Council successfully prosecutes illegal native vegetation removal

10 May 2017

49 native trees were illegally cut down in Freeburgh

A shire resident who cut down 49 trees from a neighbouring property has been successfully prosecuted by Alpine Shire Council for the illegal removal of native vegetation.

“Preserving our native vegetation, whether on public or private land, is critical to protect the biodiversity of our region,” said Heather Green, Manager Planning and Amenity, Alpine Shire Council.

“The removal of such a large number of mature native trees along the Great Alpine Road in Freeburgh is a serious breach of the law and a loss to our natural environment.”

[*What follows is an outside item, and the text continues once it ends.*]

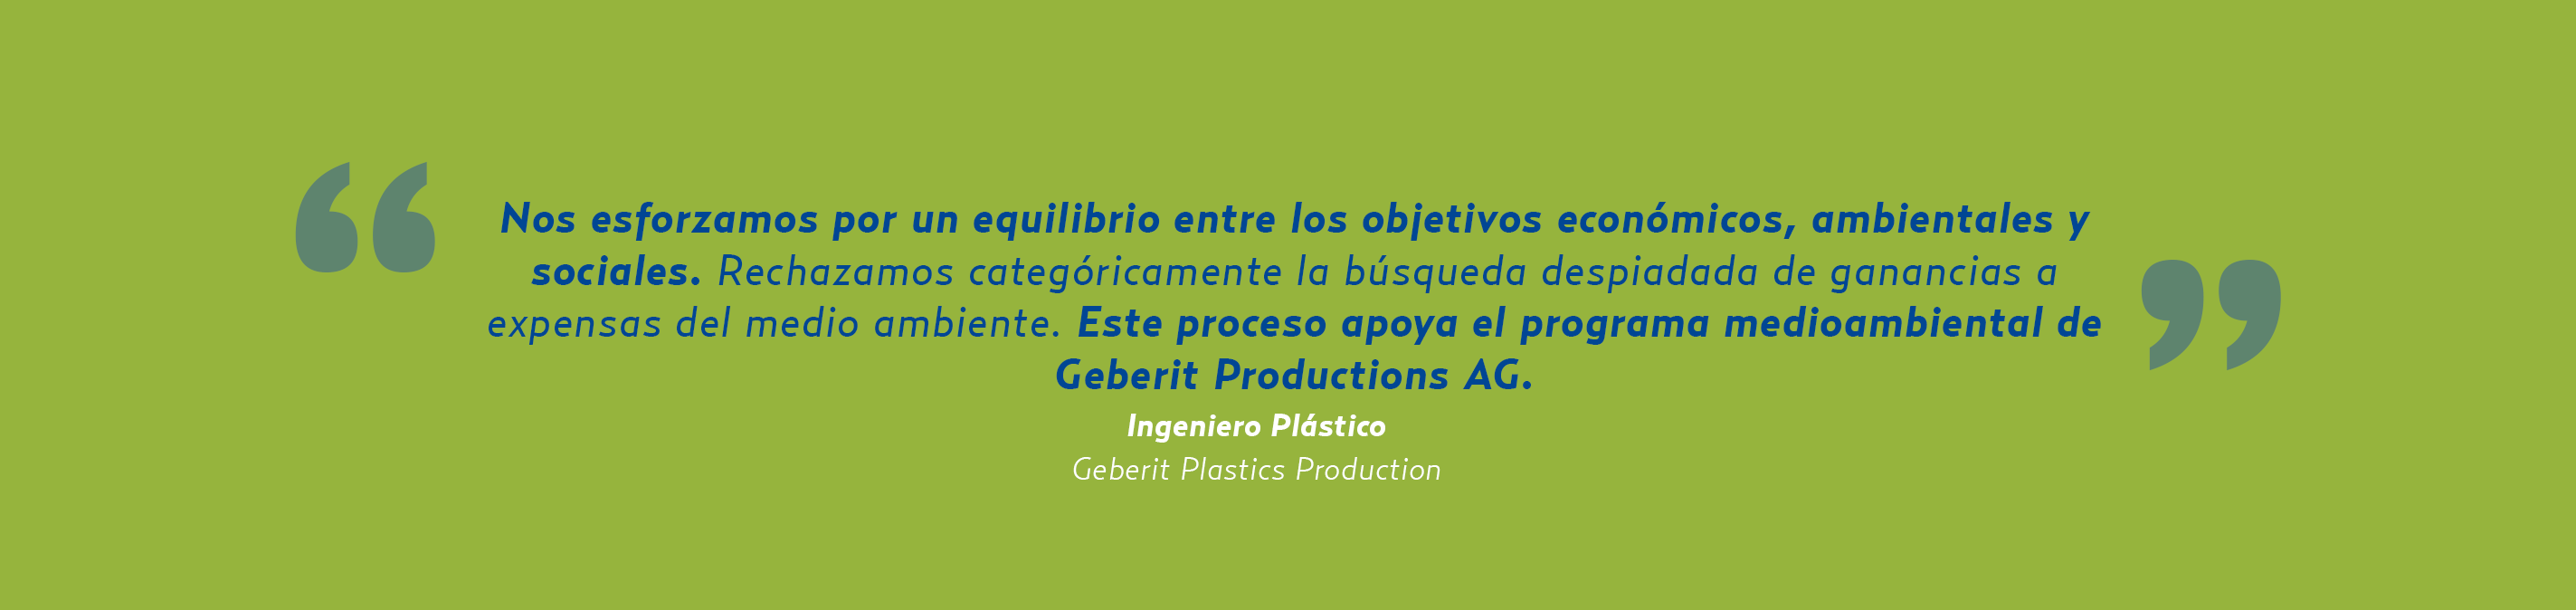 Sostenibilidad medioambiental de la limpieza criogénica - Geberit Plastics Production

The Myrtleford Magistrates Court last month issued a fine of $5,000 and ordered the defendant to pay $5,259.90 in costs to Alpine Shire Council as well as a further $12,000 to reinstate the affected land and plant new trees.

Anyone who illegally removes native vegetation – whether a property owner, contractor or other third party – can be prosecuted under the Planning and Environment Act for Native Vegetation Removal.

Ms Green said residents who would like to remove native vegetation from their property should contact the Council to see if they require a permit.

“Residents often need a permit to remove native vegetation from private property; however, there are some circumstances in which a permit is not needed. We recommend anyone planning to remove native vegetation to first contact Alpine Shire Council to seek advice from a Council officer,” she said.